### How to complete this task
The answer should consist of the full listing below, repeated exactly and free of pictures.

### Data provided
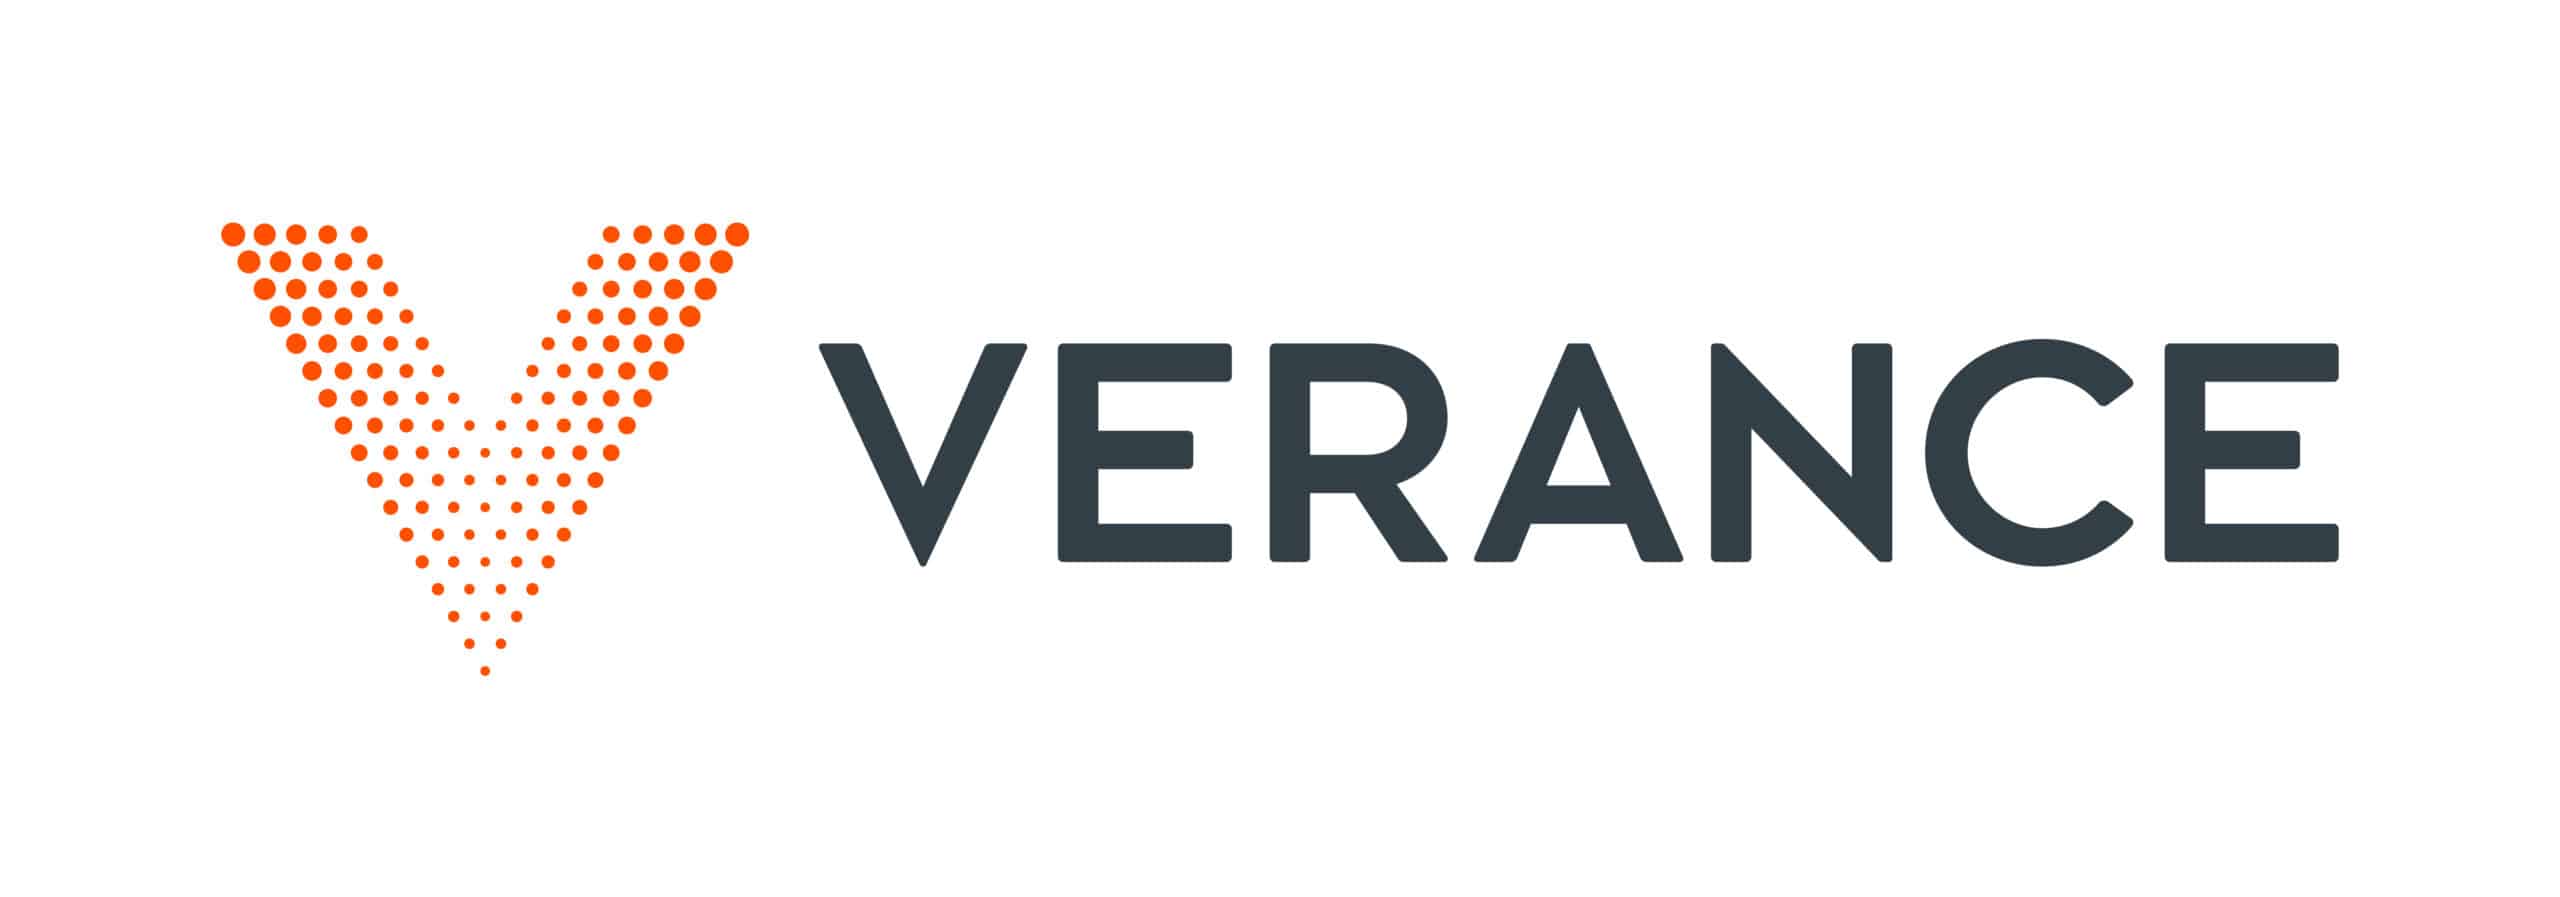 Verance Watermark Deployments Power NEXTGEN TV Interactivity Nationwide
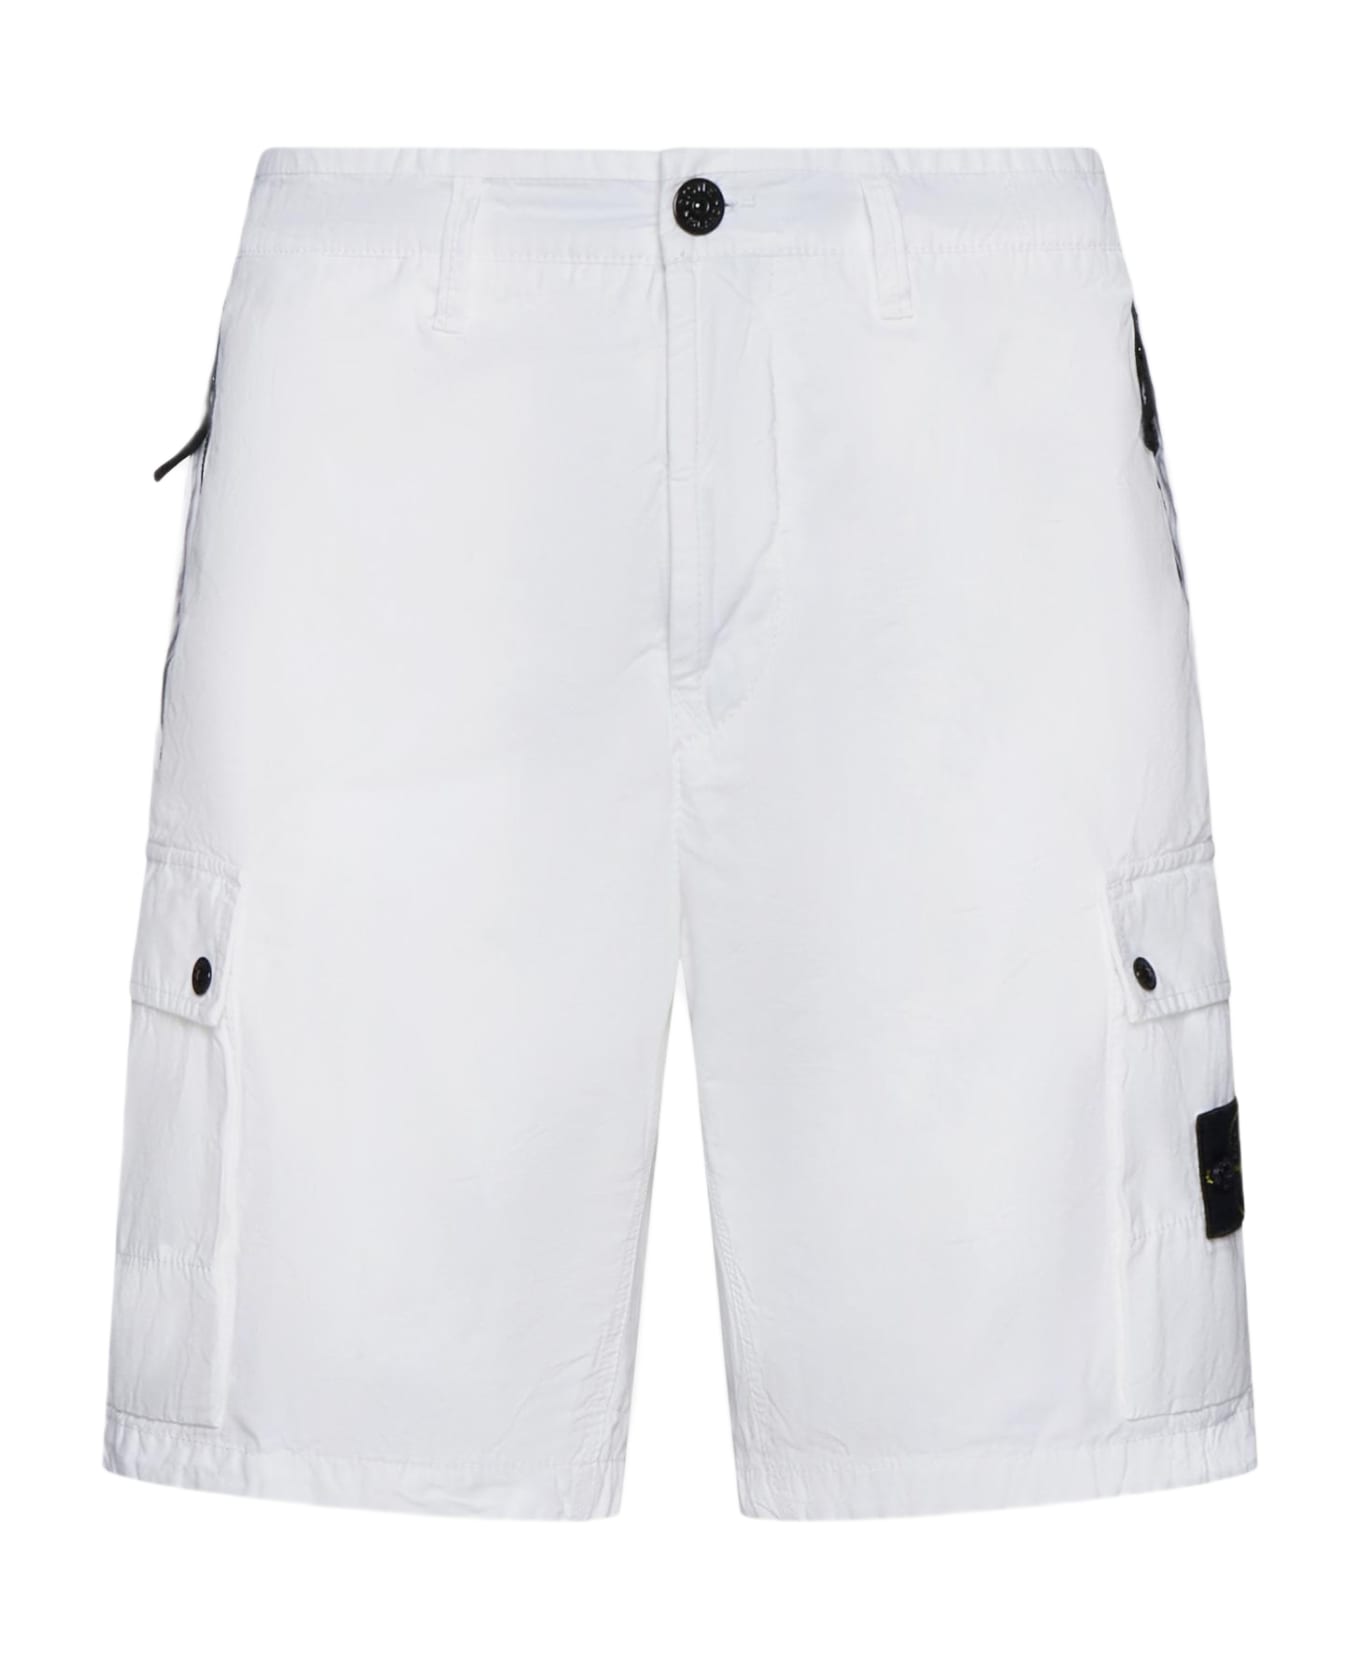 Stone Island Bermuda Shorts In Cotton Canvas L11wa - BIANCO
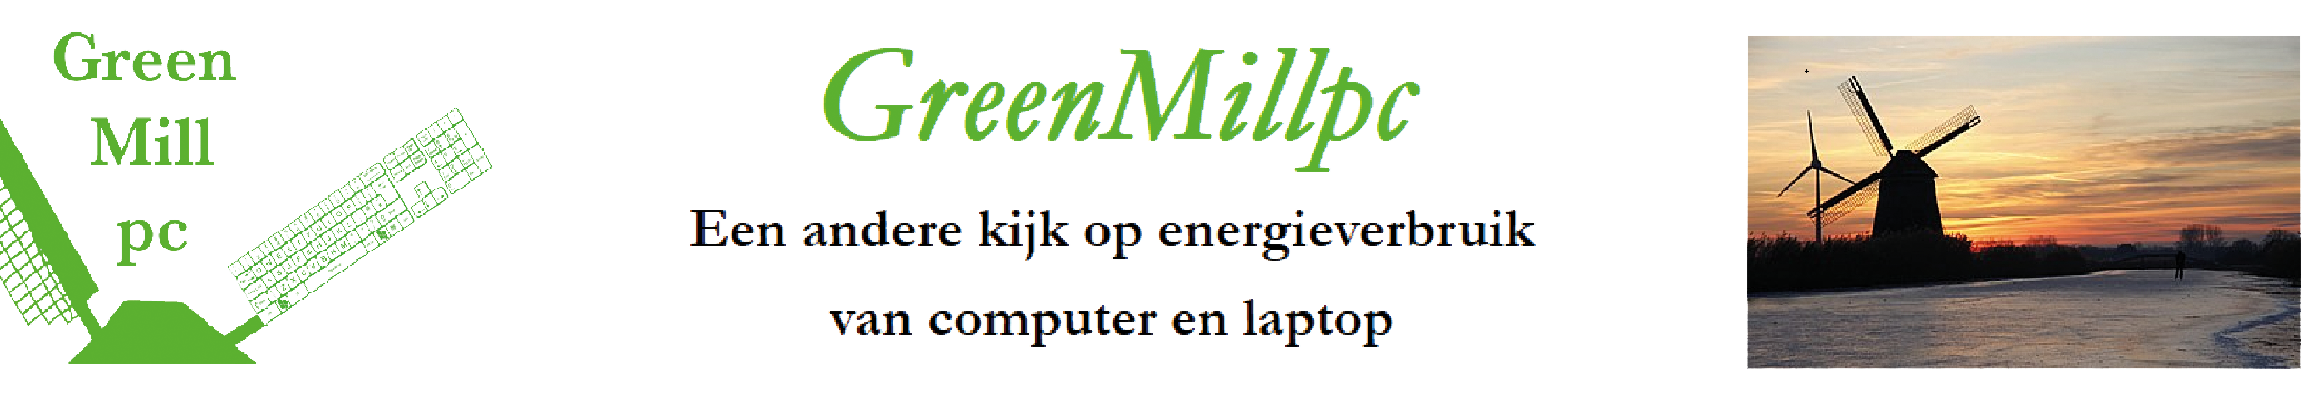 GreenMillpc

### Output of the task
 Verance Watermark Deployments Power NEXTGEN TV Interactivity Nationwide
 Stone Island Bermuda Shorts In Cotton Canvas L11wa - BIANCO
 GreenMillpc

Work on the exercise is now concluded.